◆ **Work instructions**:
In the records below, the relevant part opens with the line containing "Surf Chaser Crewneck" and closes with the line containing "30s Magazine - Stylish"; print that part exactly and only, without its pictures.

◆ **Records shown**:
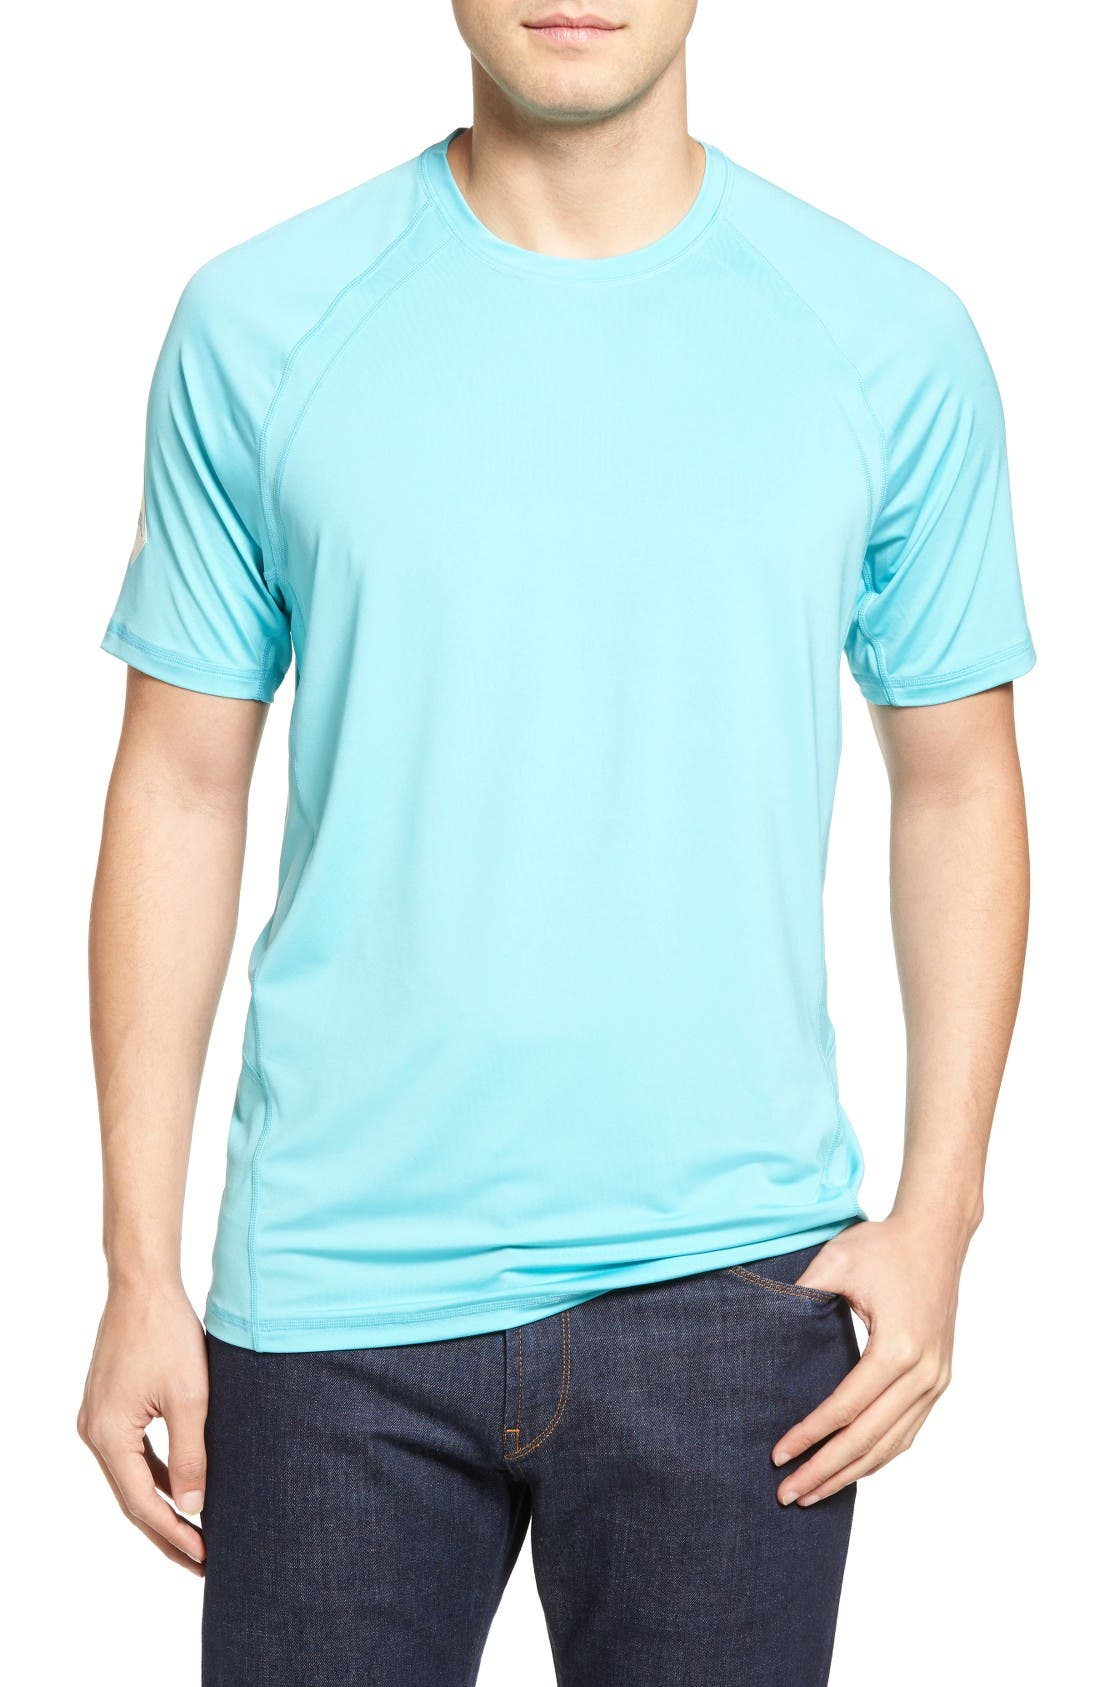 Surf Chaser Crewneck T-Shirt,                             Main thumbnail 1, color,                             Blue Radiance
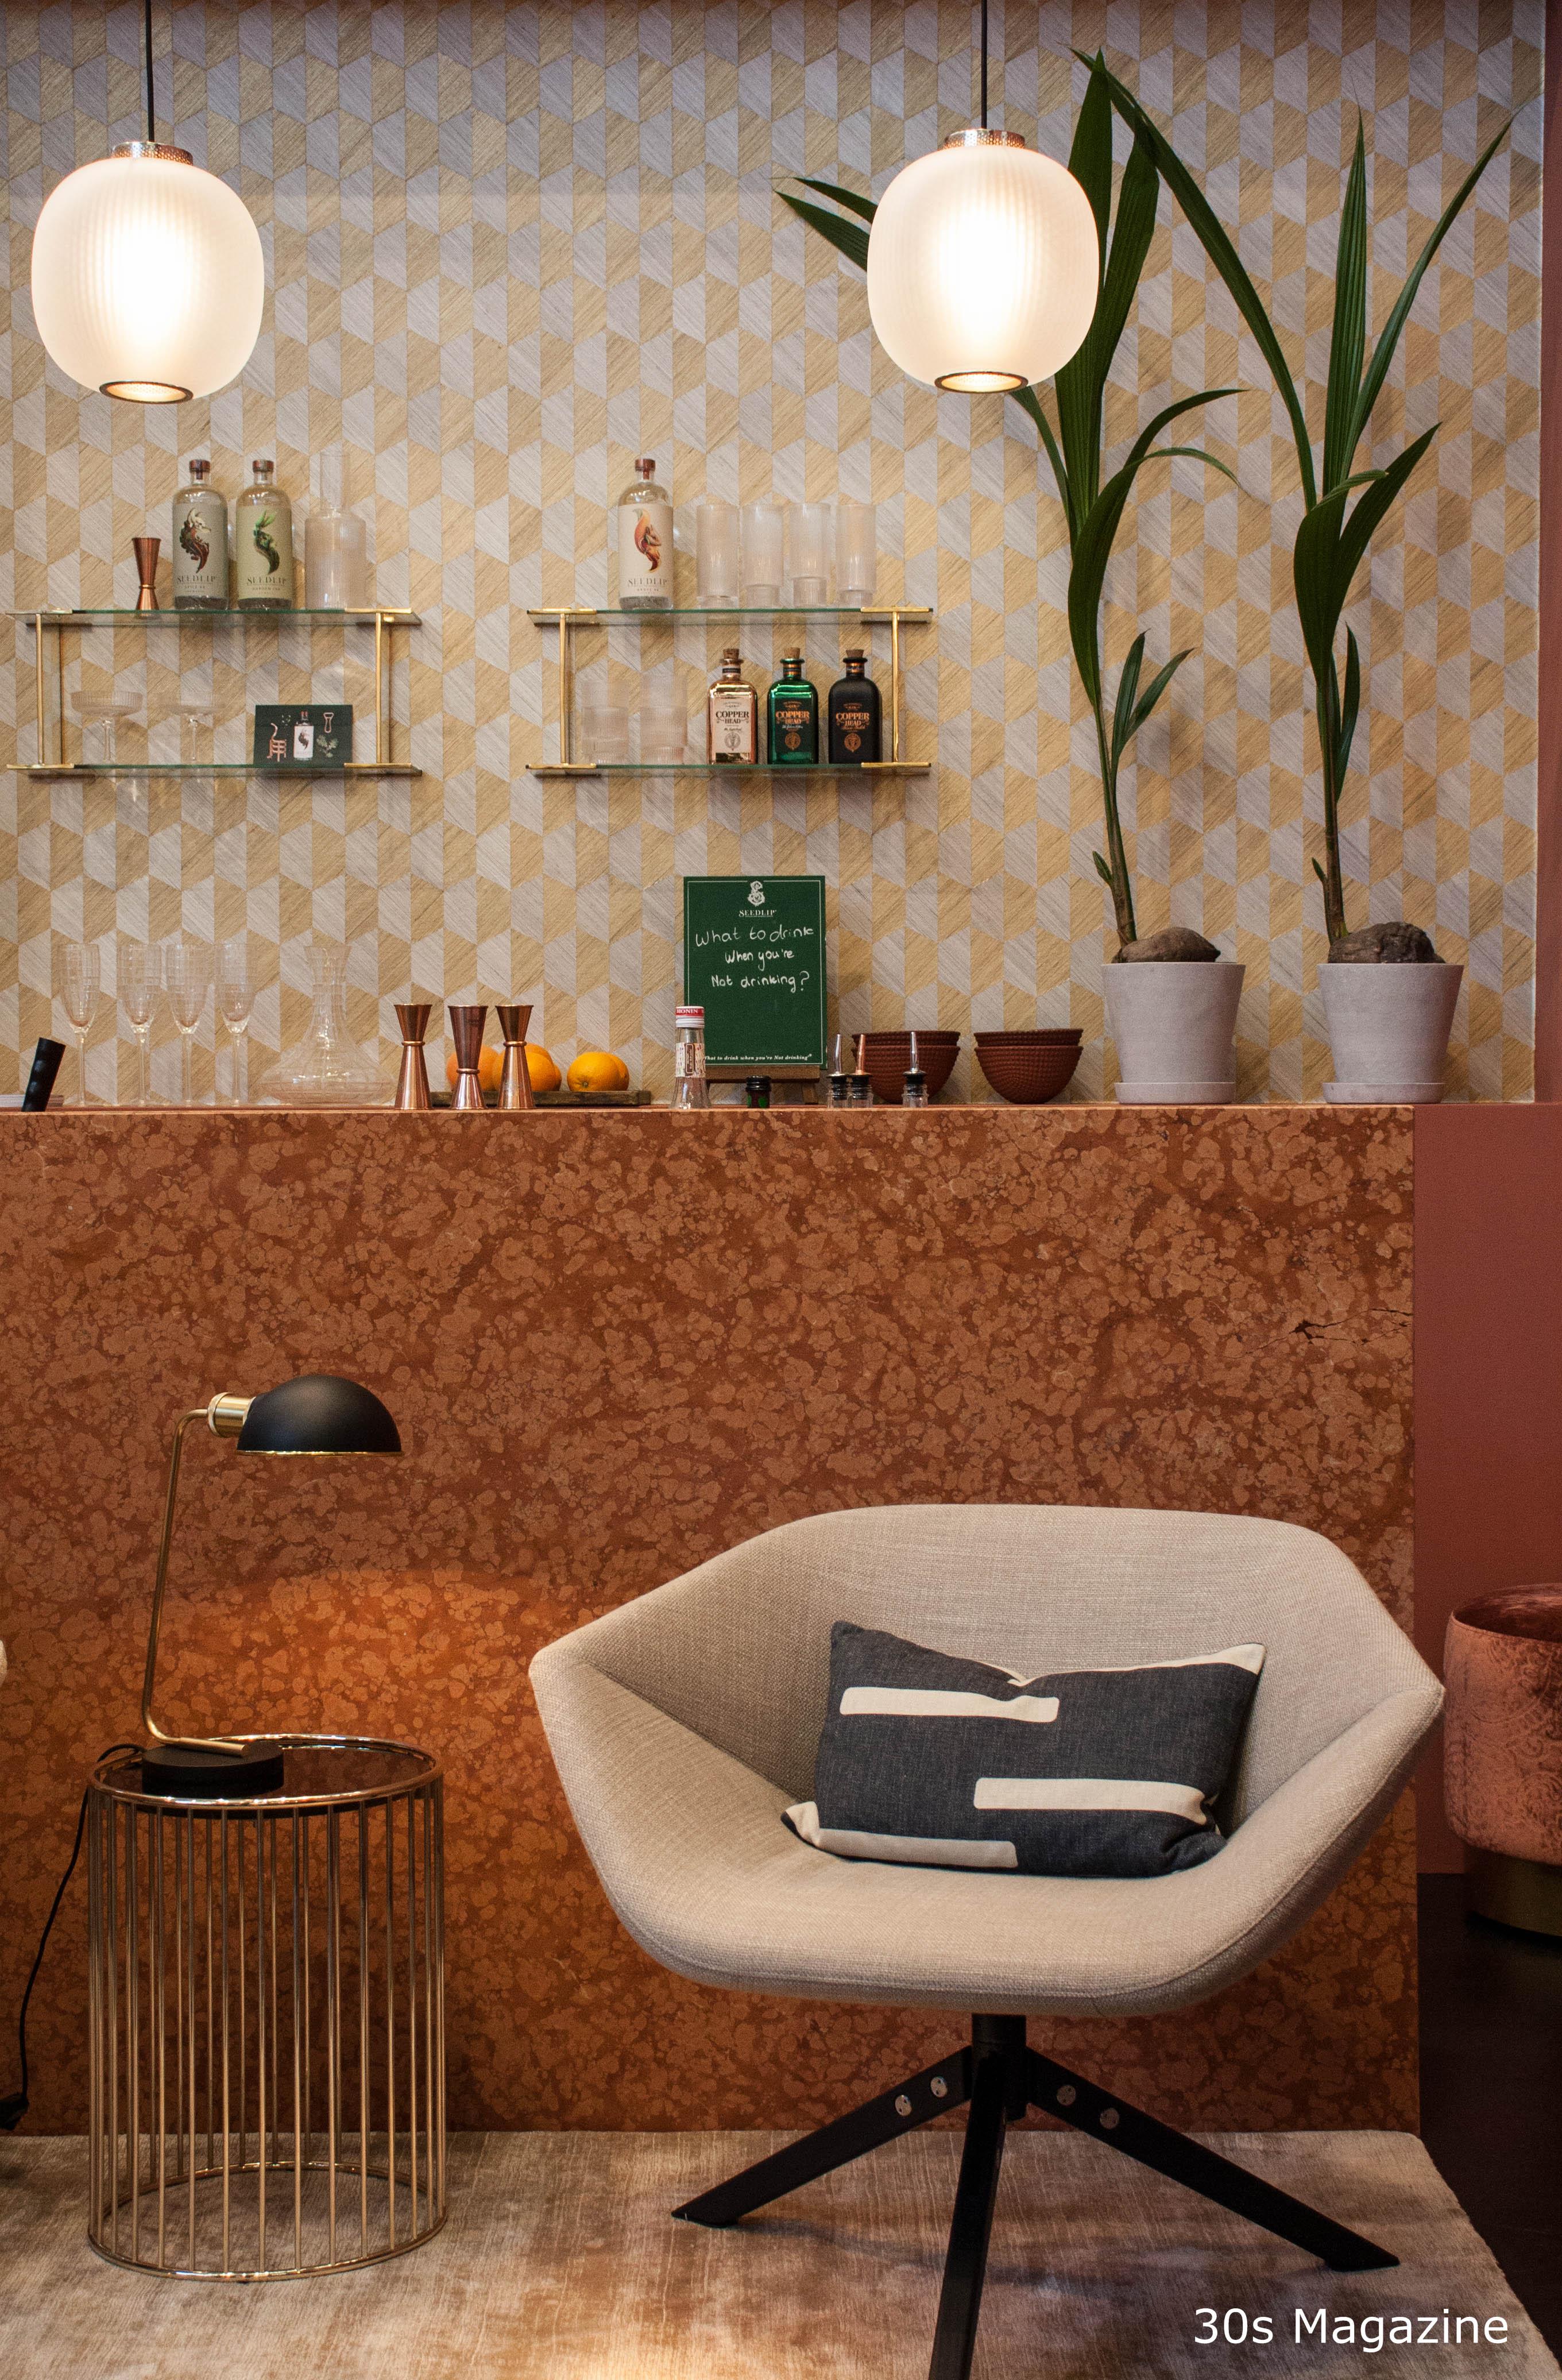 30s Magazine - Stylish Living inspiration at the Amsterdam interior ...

---

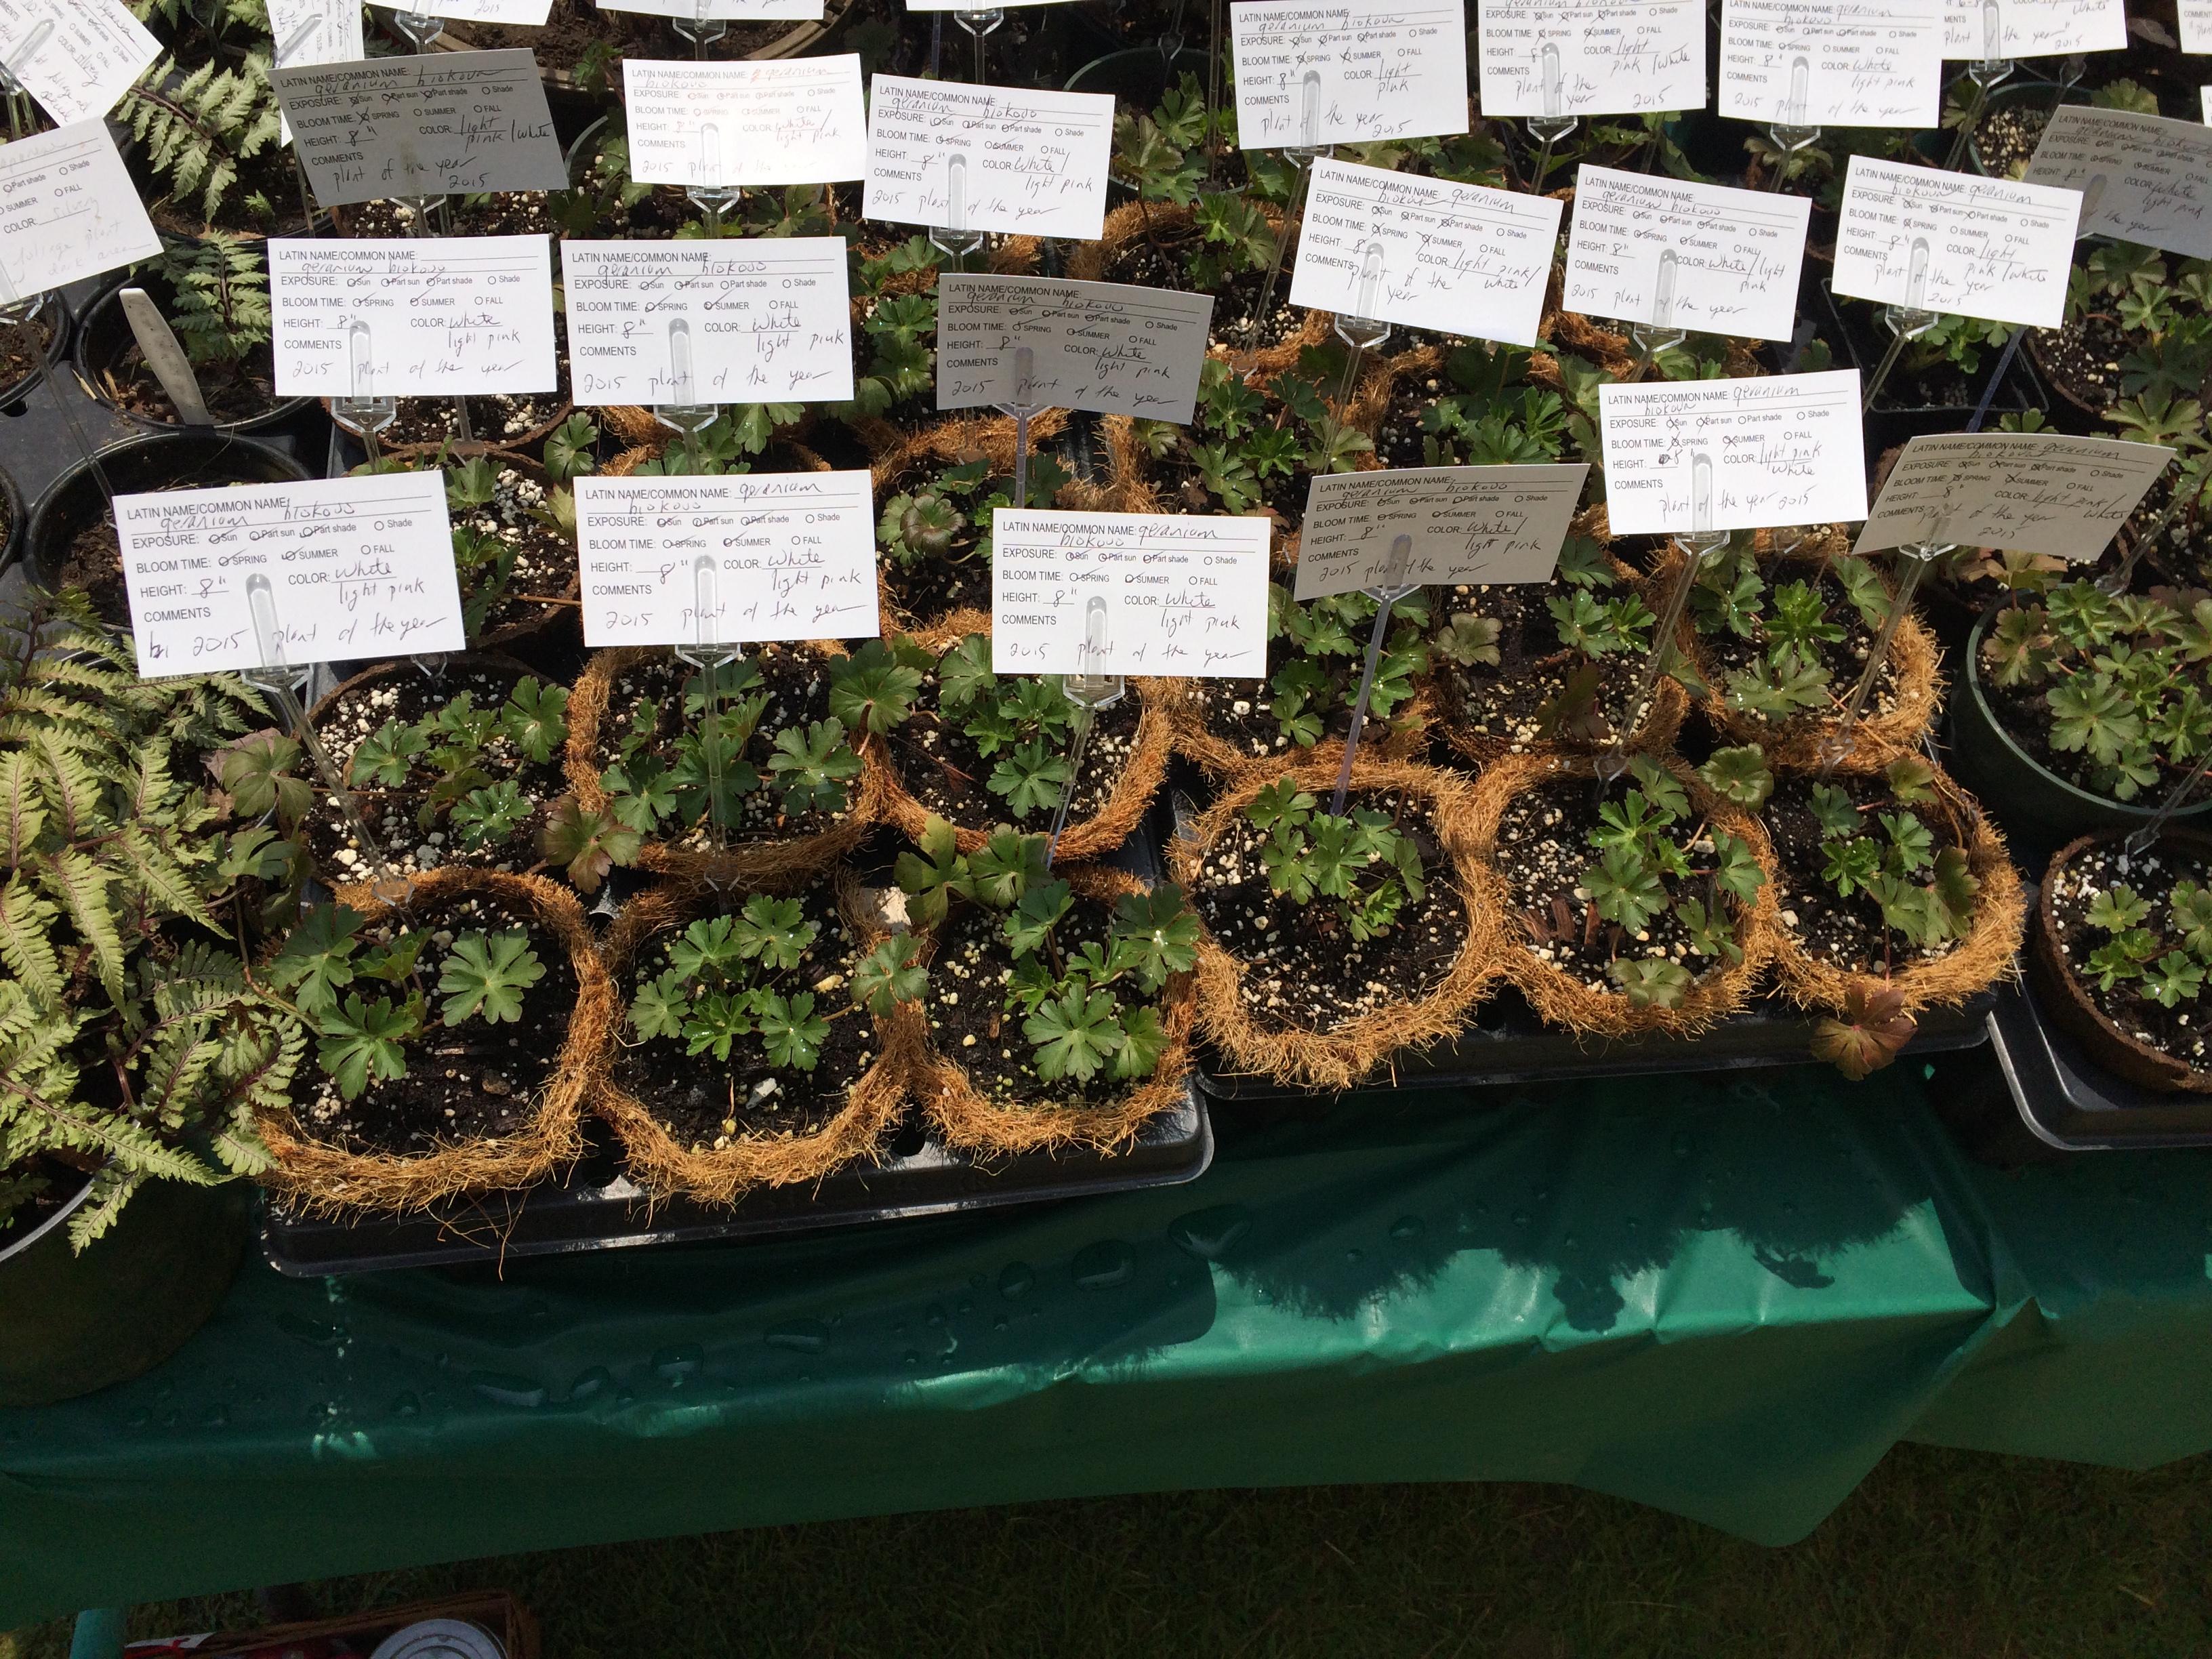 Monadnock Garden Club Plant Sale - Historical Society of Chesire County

◆ **Response area**:
 Surf Chaser Crewneck T-Shirt,                             Main thumbnail 1, color,                             Blue Radiance
 30s Magazine - Stylish Living inspiration at the Amsterdam interior ...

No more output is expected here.